The objective for today is to measure the fluorescence of lysozyme AuNP fibers over various incubation times with alpha chymotrypsin. This will allow us to calculate the concentration of AuNP Fibers and Peptides in solution based on a calibration curve.
- 1mL stock solution of alpha-chymotrypsin was made by adding 1mL of 50mM phosphate buffer (pH=8) to dry protease for a final concentration of 47.656µM.
- Through M1V1= M2V2 the correct volume of protease needed for a final incubation tube concentration of 1uM and final tube volume of 1mL was determined
- V1= 21.0uL
- Each sample and blank tube for incubation requires a total volume of 1mL, thus 1mLtotal - 21.0uL protease = 979.0uL phosphate buffer.
Incubation Tube Preparation (Samples and Blanks)
- Fiber samples synthesized by Dr.

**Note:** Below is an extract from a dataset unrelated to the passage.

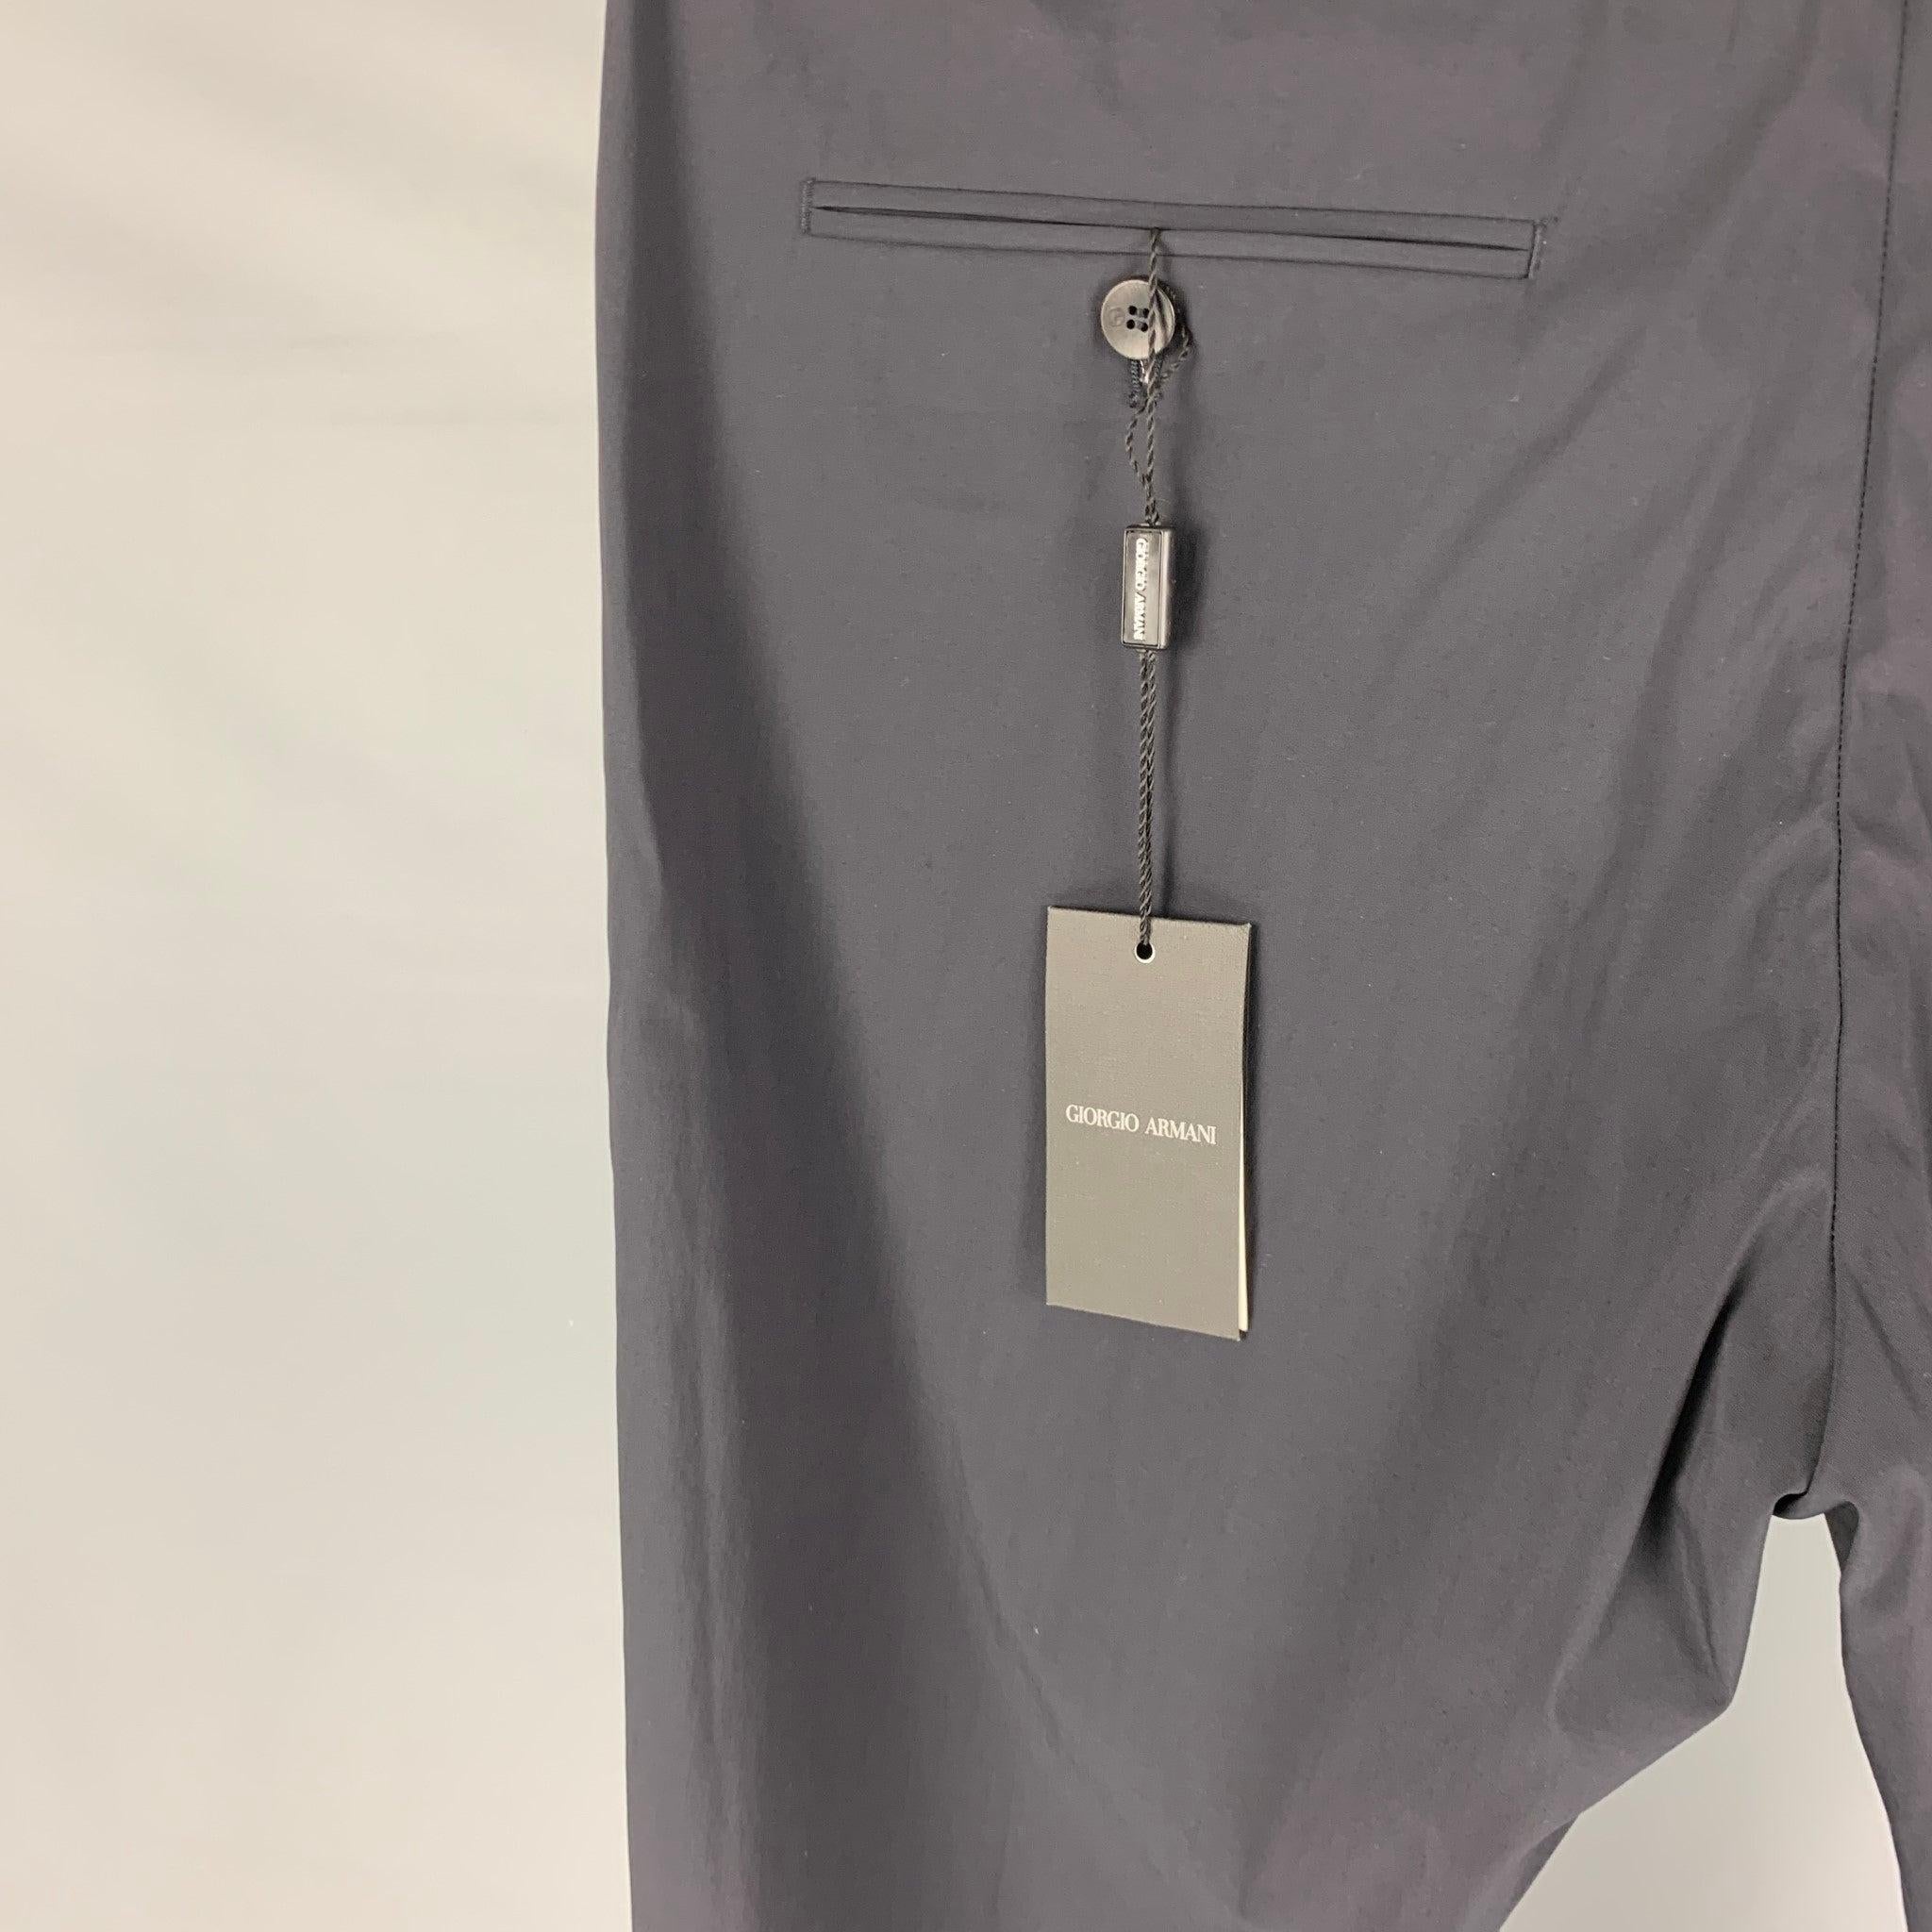 GIORGIO ARMANI Size 34 Navy Wool Blend Elastic Waistband Dress Pants In Good Condition For Sale In San Francisco, CA

Hartings were used for total of 14 (7 sample and 7 blank) and organized via the following alpha chymotrypsin incubation times.
- 10min, 15min, 30min, 45min, 1hr, 1.5hr, 2 hr
- First, AuNP fiber samples were centrifuged at 300 rpm for 10 minutes after which as much supernatant was drained as possible.
- Then, using volumes indicated above, alpha chymotrypsin and phosphate buffer were added to each sample and blank tube immediately before incubation start time.
- Sample and blank pairs were incubated at 37˚ C in a water bath for the noted incubation times above.
Fluorescence Assay Preparation
- After incubation of a sample and blank pair, they were centrifuged at 12,000rpm for 1 min.
- Spun down the AuNP fiber sample and chymotrypsin blank at 12,000 RPM for 1 minute
- Then the fluorescence assay reaction mix was prepared in a new 1.5ml eppendorf tube and contained the components and volumes shown below.
- 20uL of the blank or sample
- 140uL of Assay Buffer
- 40uL of Assay Reagent
- Fluorescence was then immediately measured with a excitation wavelength of 390nm with a recorded emission spectra from 400-649.5nm.
Figure 1 above shows end wavelength corrected fluorescence intensity of both the alpha-chymotrypsin incubated fiber samples and blanks. To correct for instrumental noise, the fluorescence intensity for the last .5nm was subtracted from all fluorescence measurements for each specific blank and sample. Then the area under each fluorescence curve (samples and blanks) was integrated starting at 420 nm and ranging to 649.5nm. Then integrated fluorescence intensity values were plotted for samples and blanks separately.
Figure 2 above shows blank corrected integrated fluorescence intensity over incubation time. The integrated fluorescence intensity of the blanks was subtracted from those of the samples to correct for the blanks. Subtracting our blank fluorescence accounted for fluorescence from the protease (alpha-chymotrypsin), thus this graph shows the fluorescence intensity of AuNPs and peptide fragments resulting from the digest of AuNPs.
Figure 3 above shows the calibration curve derived concentration of AuNP fibers in solution in addition to peptide fragments over protease incubation time. Concentrations were derived from inputting blank and instrumental noise corrected integrated fluorescence values into the calibration curve derived equation for lysozyme from User:Benjamin Friedel/Notebook/CHEM 471/2015/09/29. The equation was y=475965x with y being the fluorescence intensity and x being the concentration. By inputting measured, corrected fluorescence intensities, concentrations were calculated for each incubation time point.